Here’s something I was up to during the week. It’s a fairly mundane task, but despite that one which is very important, both to the client I was doing it for, and for most people generally who run this type of configuration.
The databases I was working with were part of a true 24×7 configuration where any downtime whatsoever has the potential to lose data (email marketing where every remote click event is tracked, meaning that you can’t even take planned downtime as you can’t control email receipts opening and clicking emails).
The systems in question run a fairly standard database mirroring configuration, 2 physical servers (principal and mirror partners), mirroring multiple databases in high safety mode with auto failover determined by the quorum of a third witness server. The task in question was to run windows update on the 2 partner servers and then apply SP3 for SQL 2008 to bring it up to build 5500.
The guys who had been running these servers previously told me that normally they just patched the mirror partner before failing over and then patching the new mirror (which was previously the principal). This is the standard methodology of a rolling upgrade within a mirroring configuration, but it missed one important step. I’m incredibly risk averse in all situations, and in this scenario it’s essential to remove the mirror witness before starting this process as if you don’t you have the small potential risk that half way through the upgrade and patching process you might suddenly find your mirror partnership failing over.

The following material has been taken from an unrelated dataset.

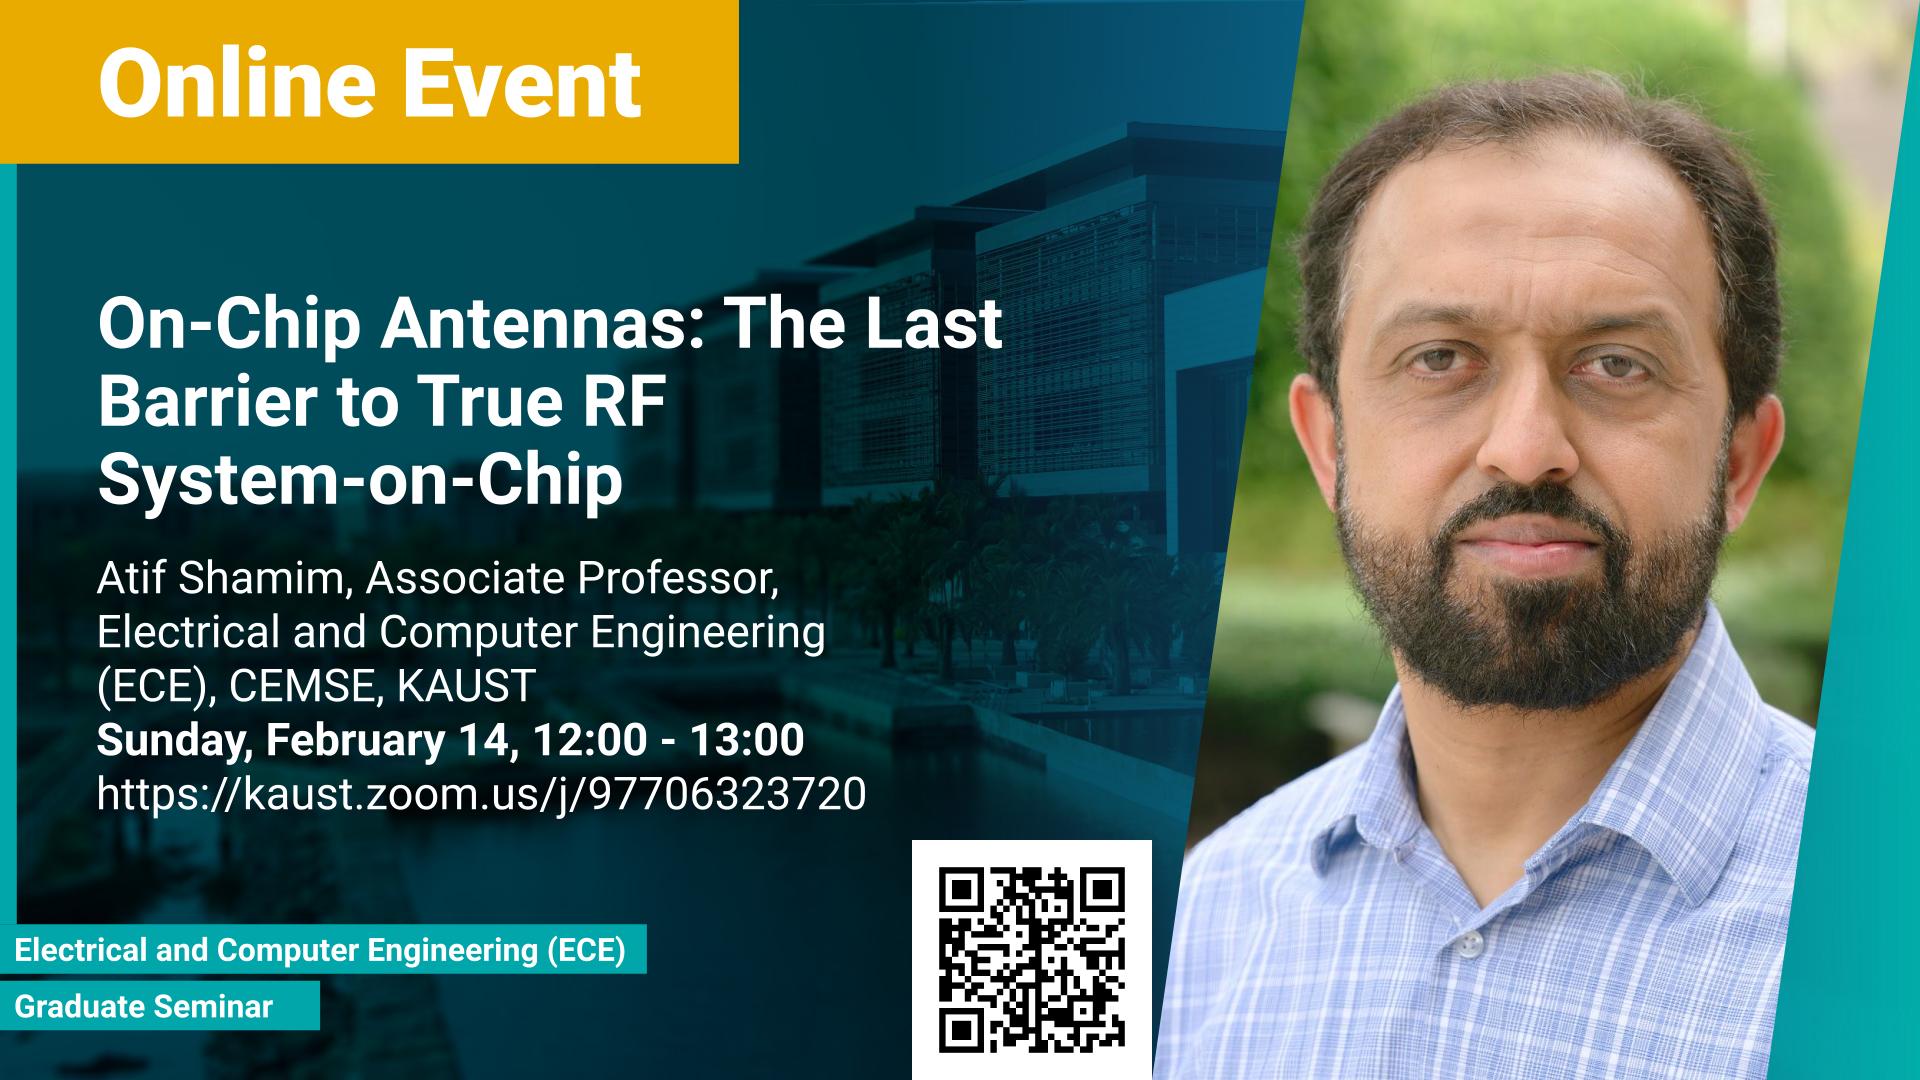 KAUST-CEMSE-ECE-Graduate-Seminar-On-Chip Antennas-The-Last-Barrier-to-True-RF-System-on-Chip-Atif-Shamim.jpg

In all fairness this is a quite unlikely scenario, as it would require a failure at the principal at the exact point in time that patch process was running. It was also require a theoretical problem with all the servers managing their quorum, as they ought to still deal with such a failure properly, but after many years in the business and particularly after many years within Microsoft support, I’ve had the unfortunate experience of experiencing a wide range of very obscure failures across the SQL Server product set, and a mirroring split brain is one of them.
A split brain can very simply be described as a scenario where both partners believe that they are either the principal or the mirror, therefore invalidating the partnership. If you ever get in this scenario it’s extremely horrible and sometimes (again speaking from experience) you are obliged to do some rather dirty troubleshooting to recover the situation.
Sometimes my experiences at Microsoft support can scare people and skew their view of the product, as all we ever used to deal with in the escalation team was obscure problems or bugs that didn’t normally occur and couldn’t easily be solved. This means that whenever someone asks me about a certain procedure I’ve normally seen it break in a really horrible way! 99.9% of the time in production scenarios this doesn’t happen of course, but the moral of this story is that it makes me very risk averse.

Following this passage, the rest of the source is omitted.